Ceux que la perspective d’une bonne conscience didactique effraye, auront, au départ, quelques réticences. A tort. Le film n’inflige aucune leçon – ni optimisme cureton, ni nihilisme narcissique. On n’est pas dans ce verger pour qu’émerge une théorie et une morale.

Les citronniers se contente presque de se situer quelque part, et c’est beaucoup – à la fois beaucoup sur le fond (on n’est pas au milieu de nulle part, c’est le moins qu’on puisse dire, puisqu’on est à la frontière entre Israël et le territoire palestinien), beaucoup également quant à la forme, quant au cinéma, pensé ici en terme de dispositif qu’on installe “quelque part” en attendant que “quelque chose” se passe (c’est ce qu’on appelle au cinéma ET dans la vie courante, choisir un point de vue).

Qu’on se rassure : il ne s’agit pas non plus d’un film expérimental. Il y a bien une intrigue, des baisers, des rebondissements, des personnages qui, forcément, évoluent. Rendons hommage en particulier à l’actrice Hiam Abbas, plus que convaincante : magnifique veuve, incarnation même de l’idée de dignité.

Mais l’intelligence réelle du film, répétons-le, c’est de s’obstiner à regarder ce qui se passe à l’endroit précis où les “plaques” palestinienne et israélienne viennent buter. On s’intéresse à ce voisinage douloureux, non pas d’un point de vue moral éthéré, mais d’un point de vue pratique et concret : quand une veuve qui n’a pour richesse qu’un verger voisine avec un dignitaire israélien dont il faut assurer la sécurité.

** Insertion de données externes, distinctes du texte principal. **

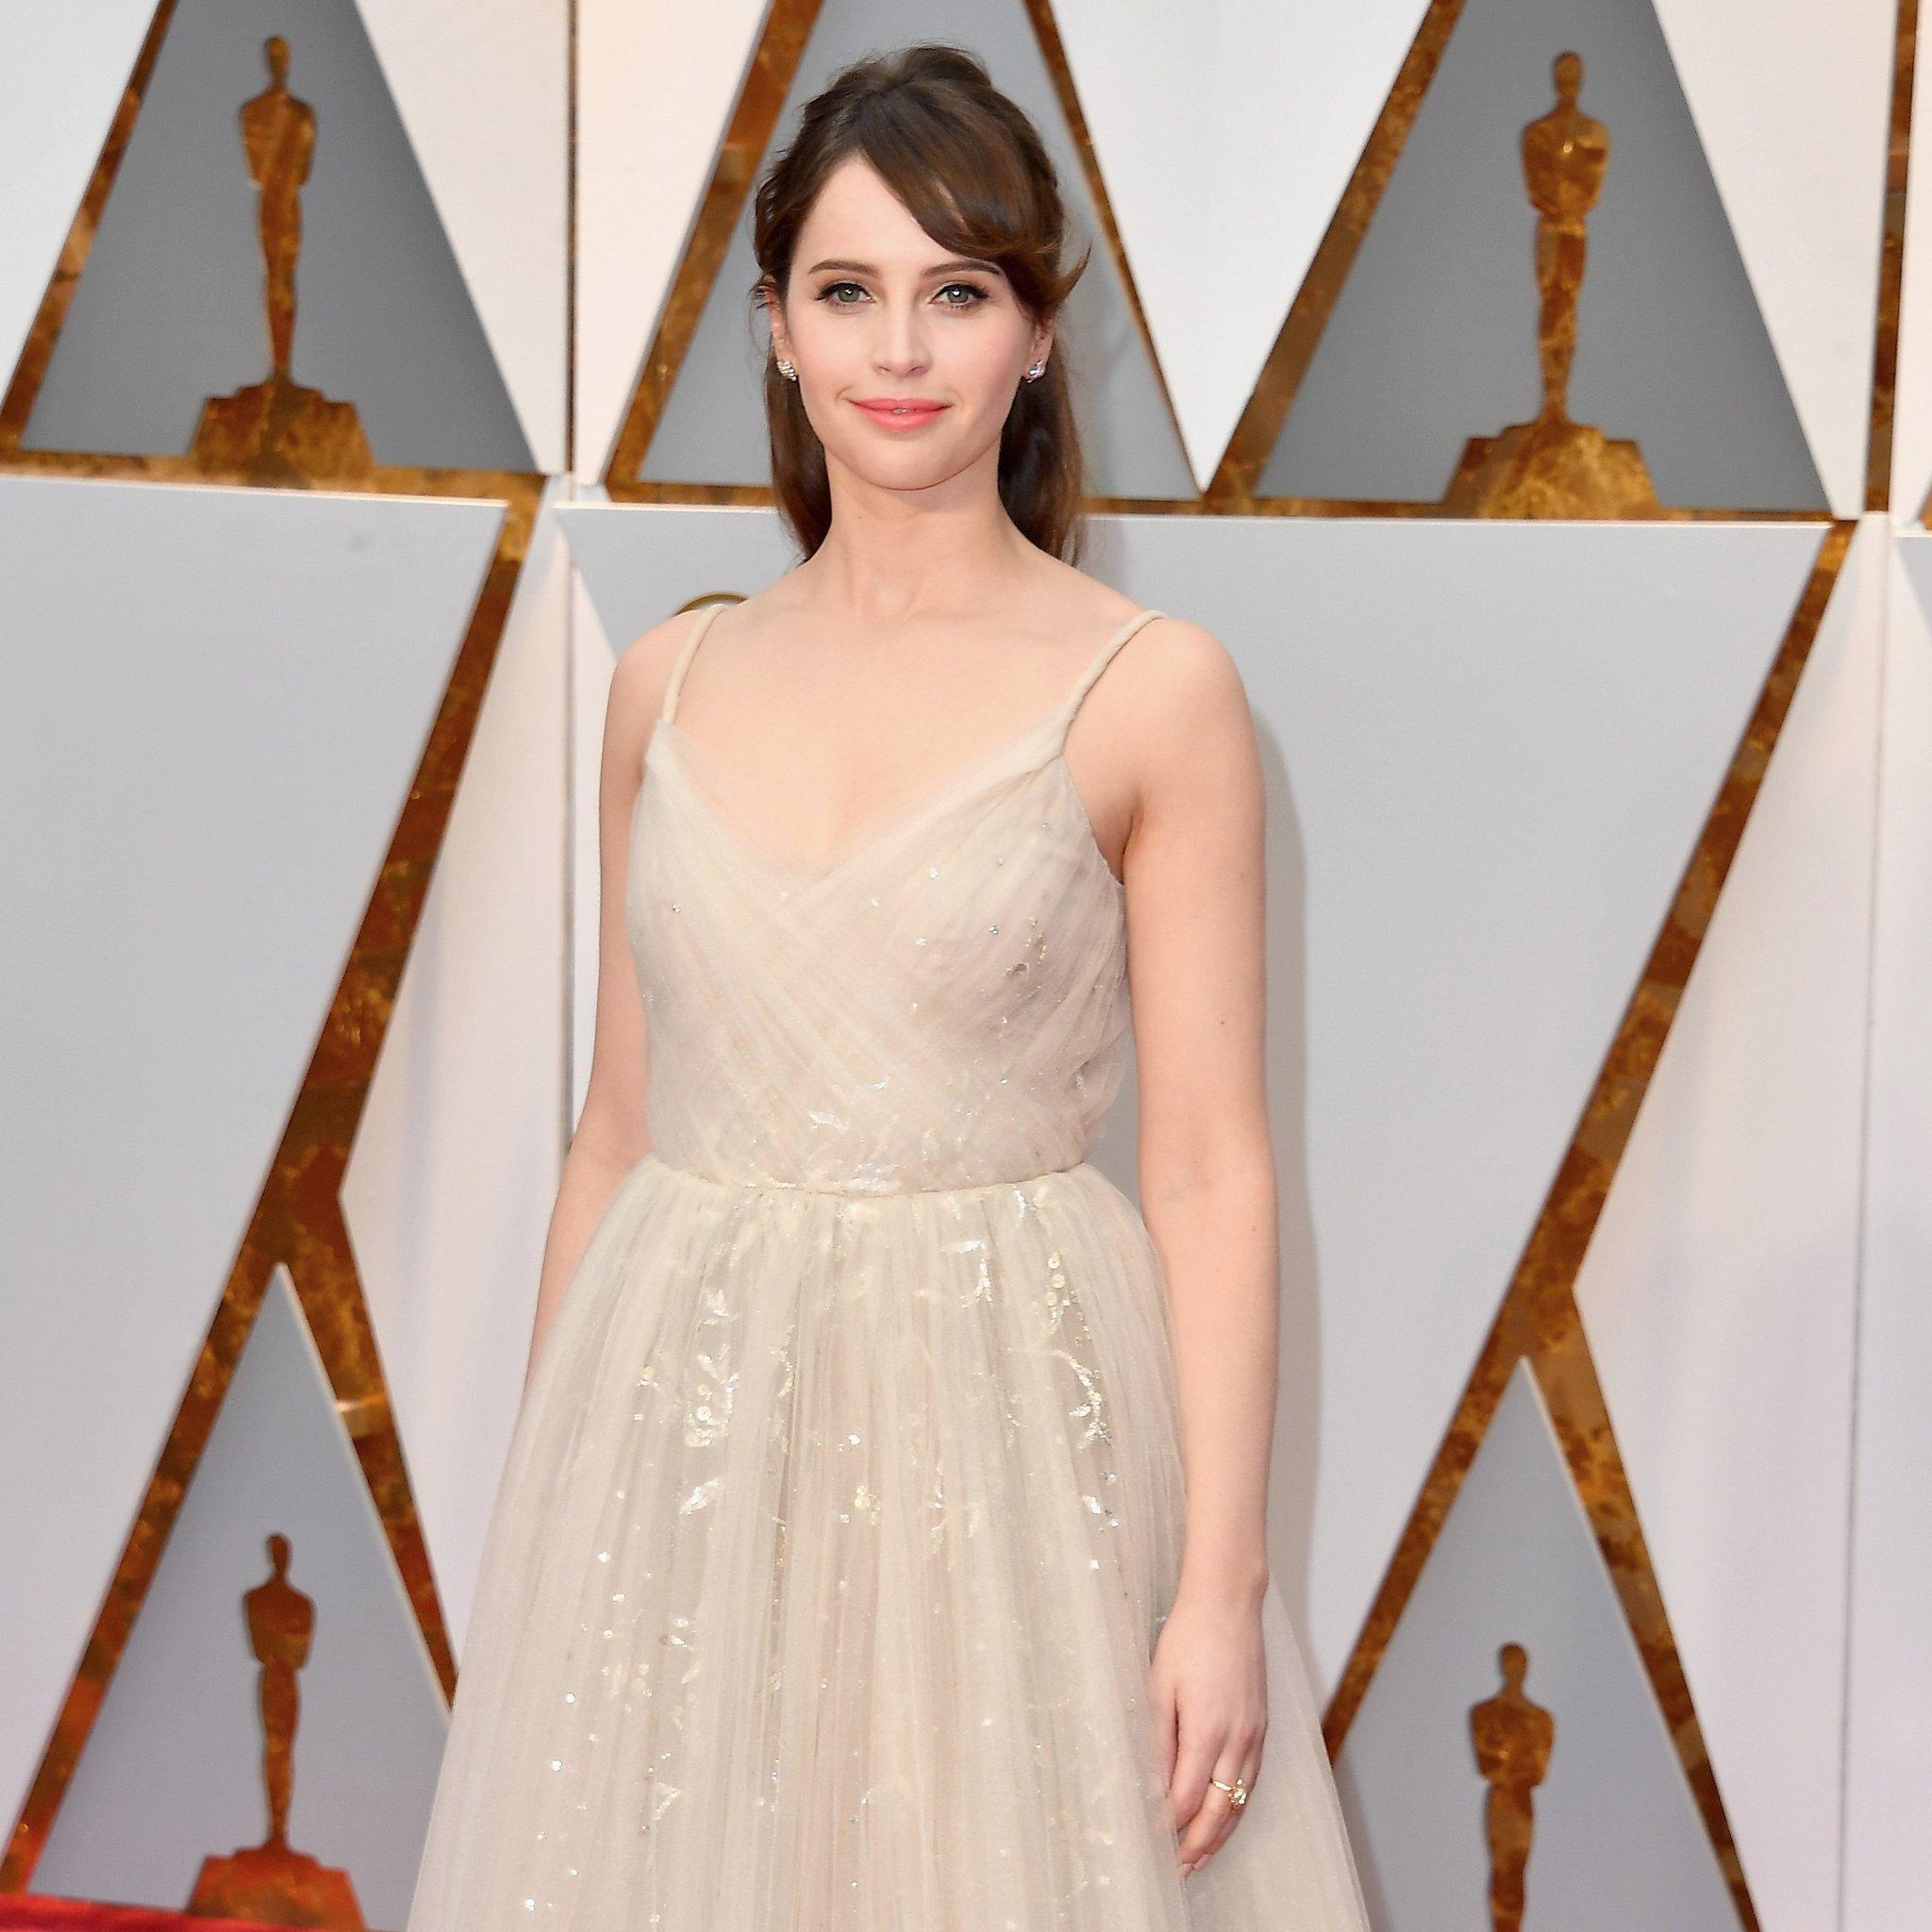 Felicity-Jones-Dior-Couture-Dress-Oscars-2017.jpg
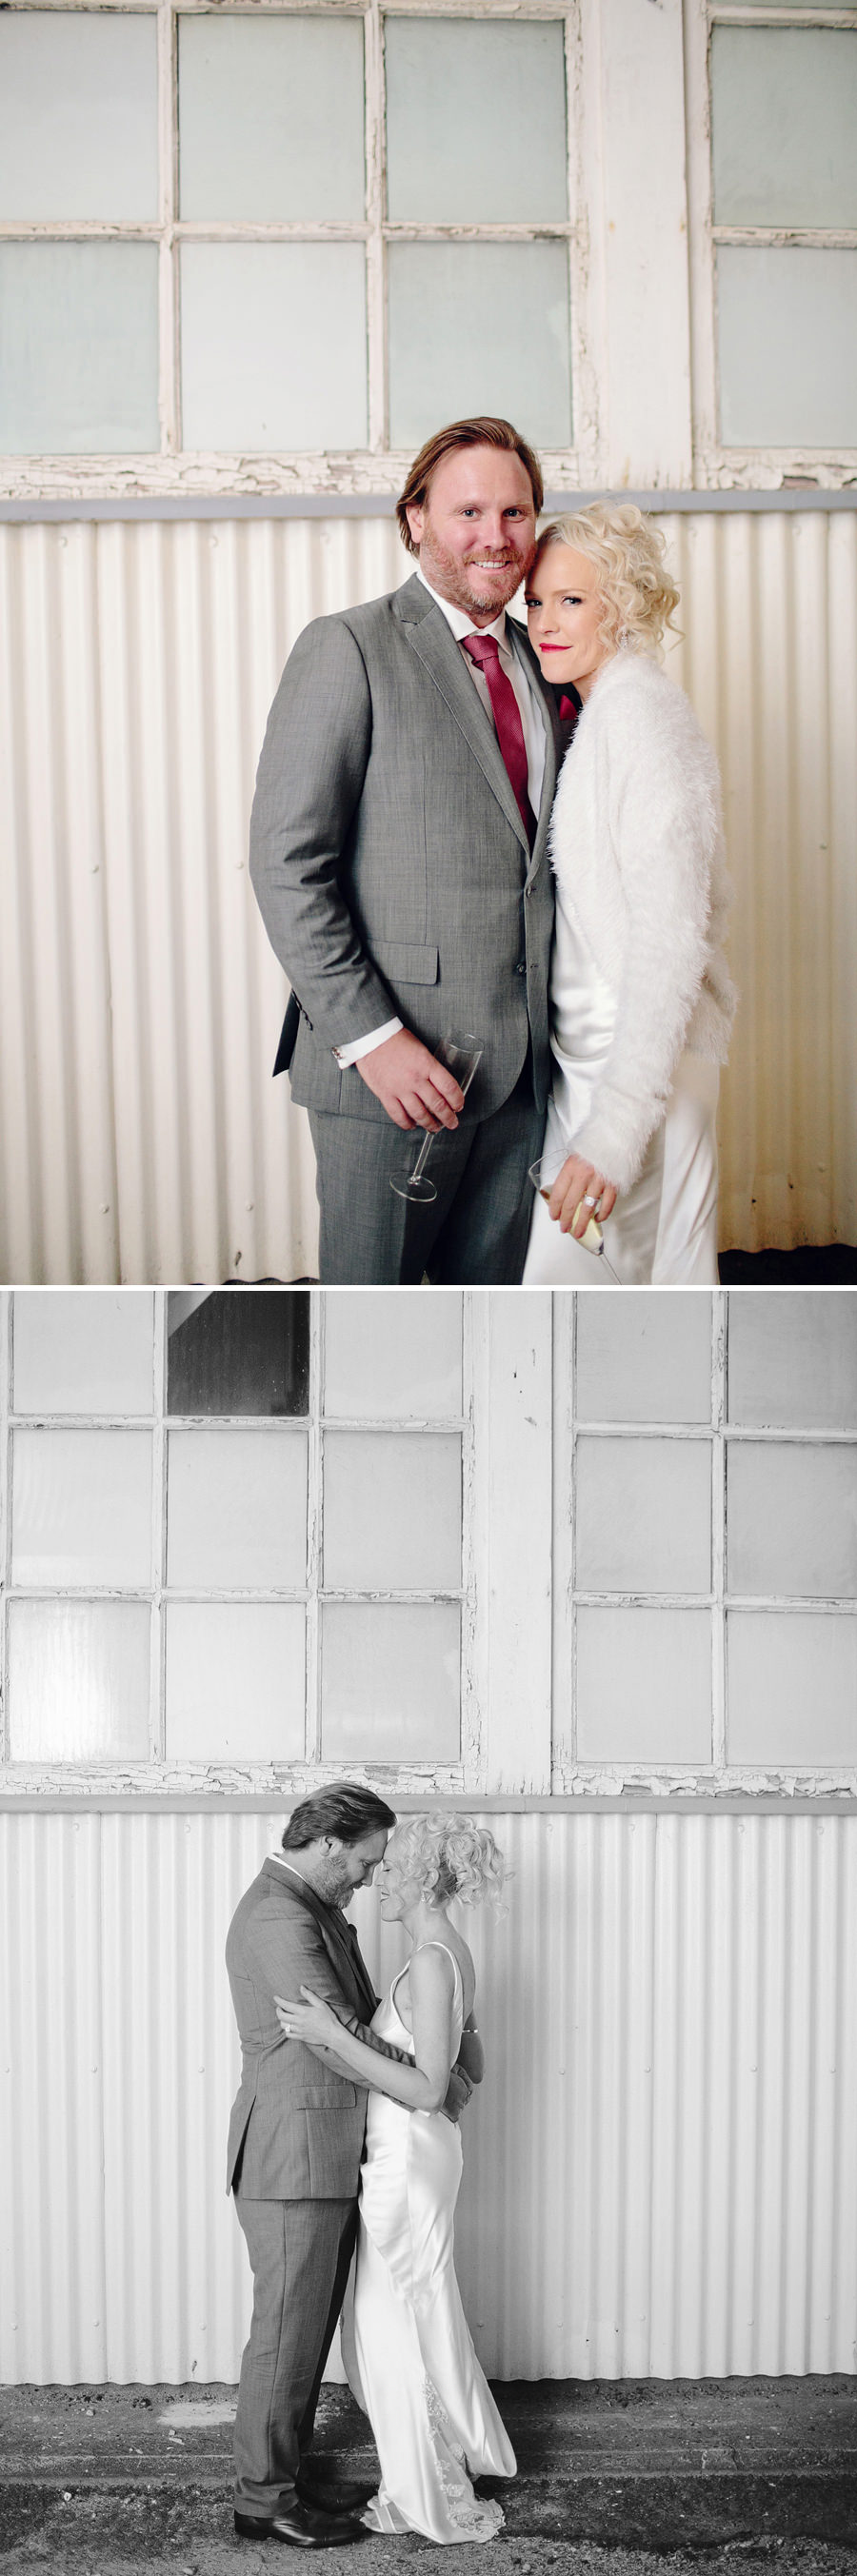 Cockatoo Island Sydney Wedding Photographers: Portraits
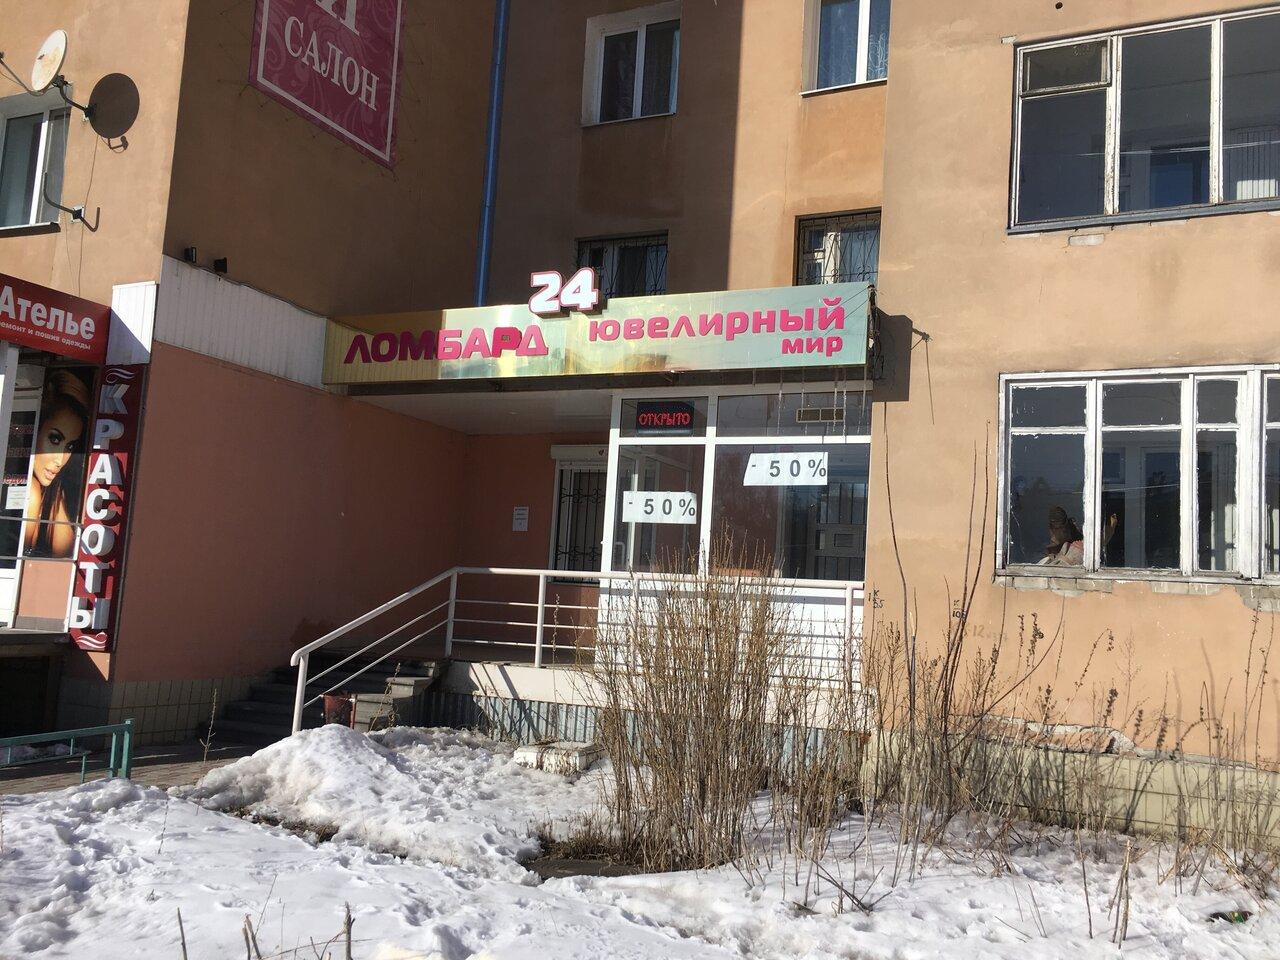 Новгород ломбард лев нижний часовая техника ломбард

Le film montre alors très justement l’entreprenant peuple israélien, à la socialité joyeuse et conquérante, bâtisseuse et buldozer, socialité débridée si l’on peut encore dire en France… et le peuple palestinien figé dans ses blessures et ses interdits, muré (à la fin au sens propre) dans sa douleur et ses contradictions (on pense au roman d’El Aswany, l’Immeuble Yacoubian qui a dû inspirer les auteurs quant à la peinture des palestiniens) .

Qu’il y ait de part et d’autre, des gens de bonne volonté (telle l’épouse du ministre, qui voudrait être une bonne voisine comme on est une bonne copine) ne change rien à cette logique d’affrontement, et à son résultat final : un mur de béton entre les deux propriétés, entre les deux légitimités.

Je craignais, parce que je suis moi-même engagé dans ces questions, trouver ici un film palestinien ou tiers-mondiste. Il n’en est rien. Je dirais même que c’est un film, sinon sioniste, du moins juif, et cela, à ce qui peut apparaître pour un détail mais se révèle proprement lévinassien, non dans une morale proposée, mais dans un constat… disons “aplani” jusqu’à l’aridité :

La Loi et les juges convoqués évitent certes le pire, mais ils ne consolent de rien.